Jacob Olie ging school aan de Franse School aan de Lindengracht, Amsterdam. Hij was toen al bezig met tekenen. Hij kon op dertienjarige leeftijd in de leer bij architect Hendrik Hana, na drie jaar gevolgd door een timmermanspraktijk bij de firma H. Lötz. Dit leidde tot een aanstelling van (bouw)opzichter bij architect Jan Leliman, die lid was van de Maatschappij tot Verbetering van de Werkende Stand. Deze Leliman was een van de initiatiefnemers van de Ambachtschool, alwaar Jacob Olie tekenleraar werd en in 1867 directeur. In 1868 verhuisde de ambachtschool naar de Weteringschans (nabij Nieuwe Vijzelstraat). In 1886 verliet hij de functie van tekenleraar, vier jaar later nam hij ontslag als directeur.[3][4] In die functie schafte hij de banden aan van de beroemde Descriptions des arts et métiers. Een groot deel van die door Olie aangeschafte banden kwam later in het bezit van de afdeling bijzondere collecties van de Universiteit van Amsterdam.[5]

Hij is echter na zijn overlijden veel bekender geworden vanwege zijn foto's van het negentiende-eeuwse leven in en om Amsterdam. De fotografie met een door hemzelf gebouwde camera was voor hem niet meer dan een hobby, toch geniet hij bekendheid als een gedreven fotopionier die het beeld van negentiende-eeuws Amsterdam heeft vastgelegd.
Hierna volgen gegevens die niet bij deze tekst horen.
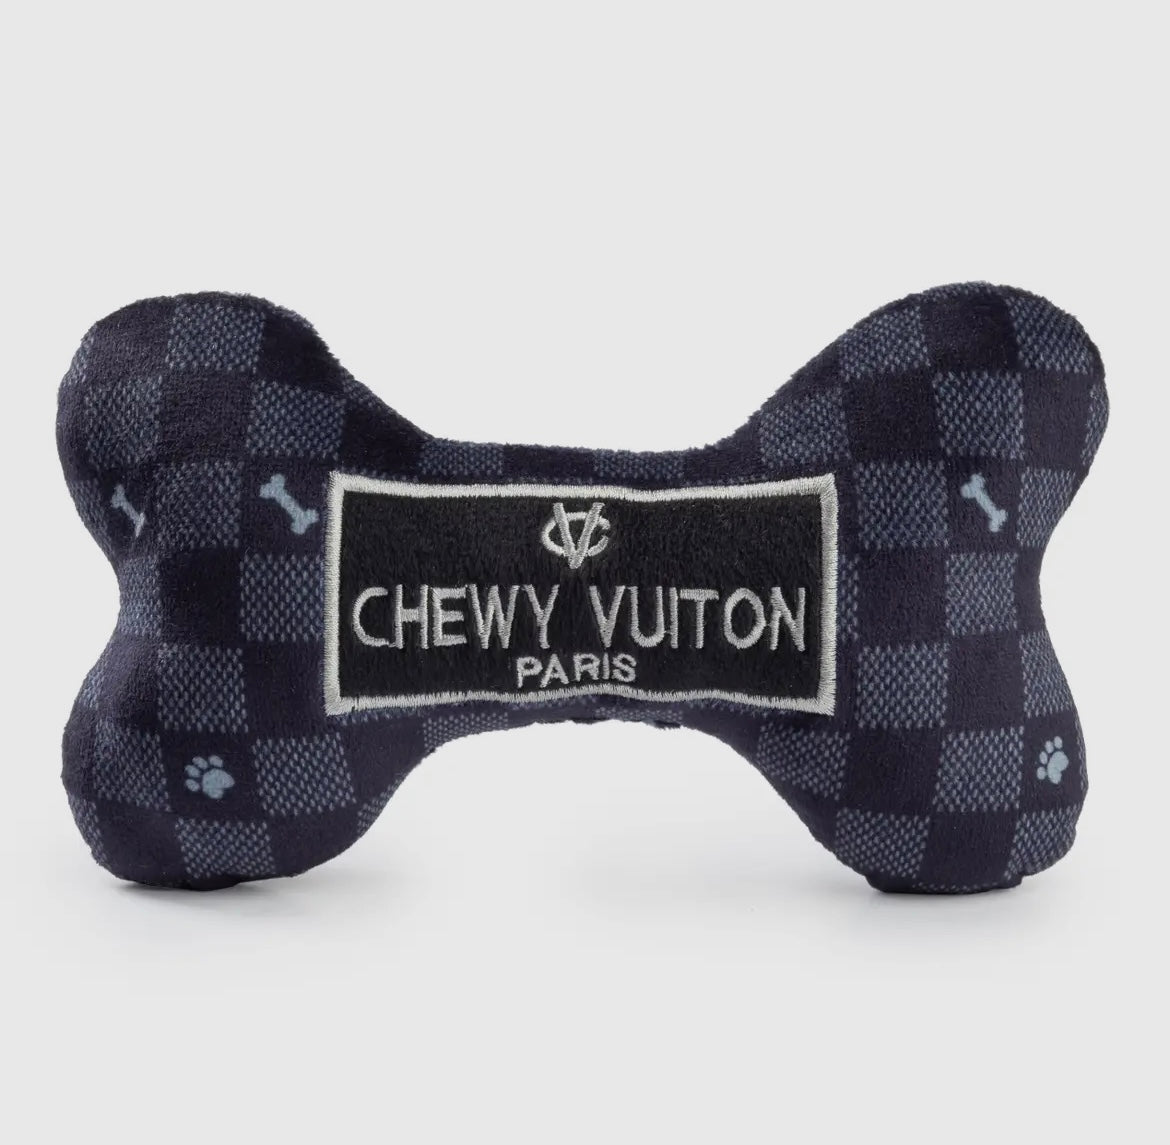 Black Checkered Chewy Vuiton Squeaker Toy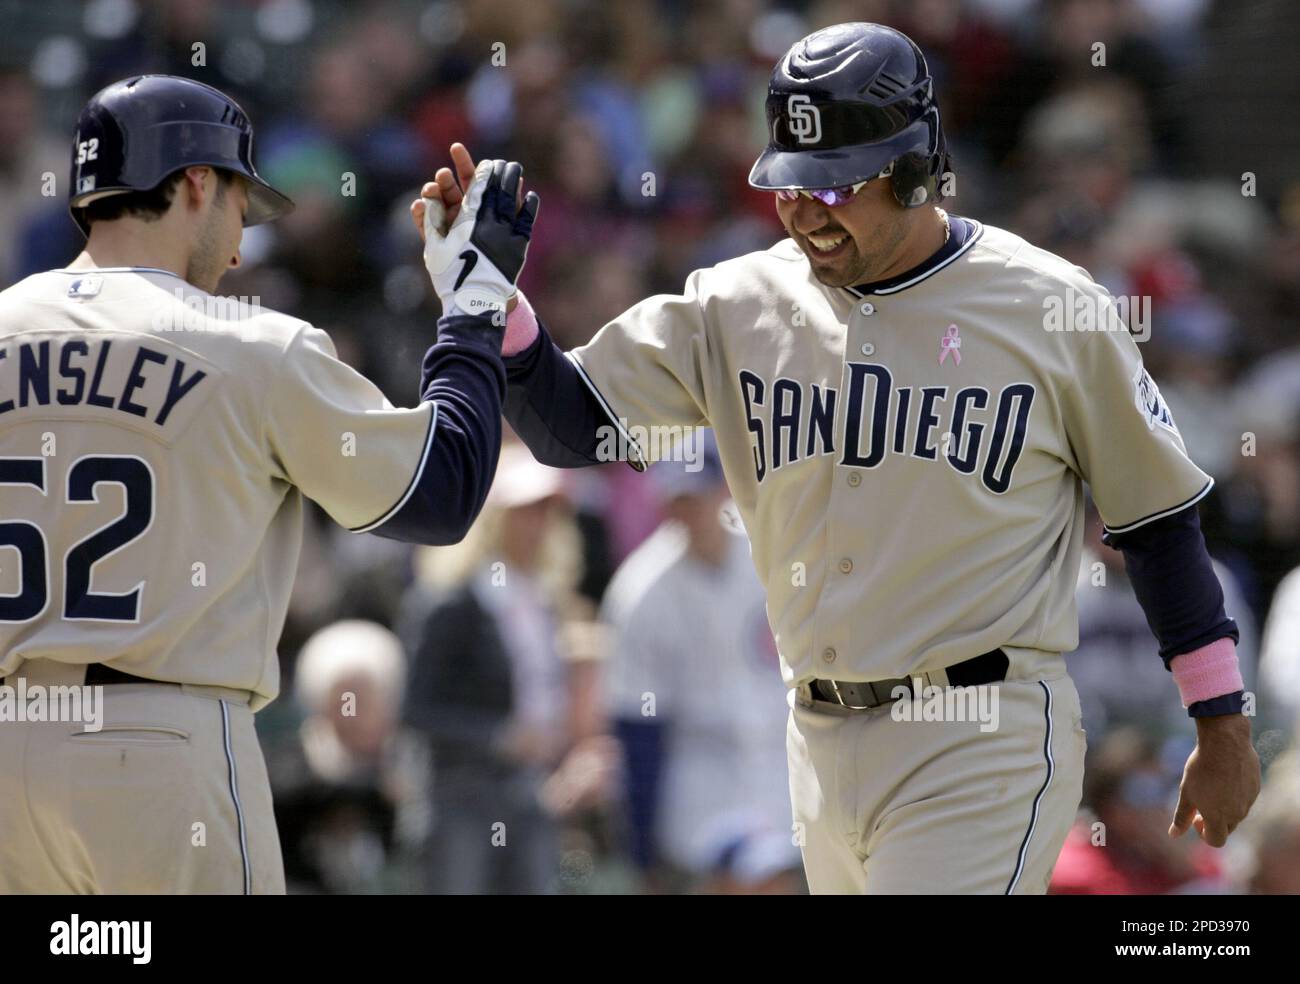 San Diego Padres' Vinny Castilla, right, smiles as he is congratulated by  teammate Clay Hensley after scoring on a wild pitch by Chicago Cubs pitcher  Scott Williamson during the sixth inning of

Olie woonde langere tijd op de Zandhoek’(Westelijke Eilanden) in Amsterdam-Centrum. Vanuit zijn woning kon Olie in eerste instantie dichtbij fotograferen. De ontwikkeling van natte en droge plaat brachten foto’s op grotere afstand mogelijk. Hij begon daar met fotograferen van familieleden en buren. Later fotografeerde hij vanuit de woning aan de Huidekoperstraat 19 (nabij Frederiksplein) te Amsterdam. Daarna ging hij de stad in en zou ongeveer 5.000 foto's maken op glasplaten die vrijwel allemaal gaaf bewaard zijn gebleven op de zolder van zijn dochter. Daar werden ze teruggevonden in 1959, en nu zijn ze aanwezig in het Stadsarchief Amsterdam.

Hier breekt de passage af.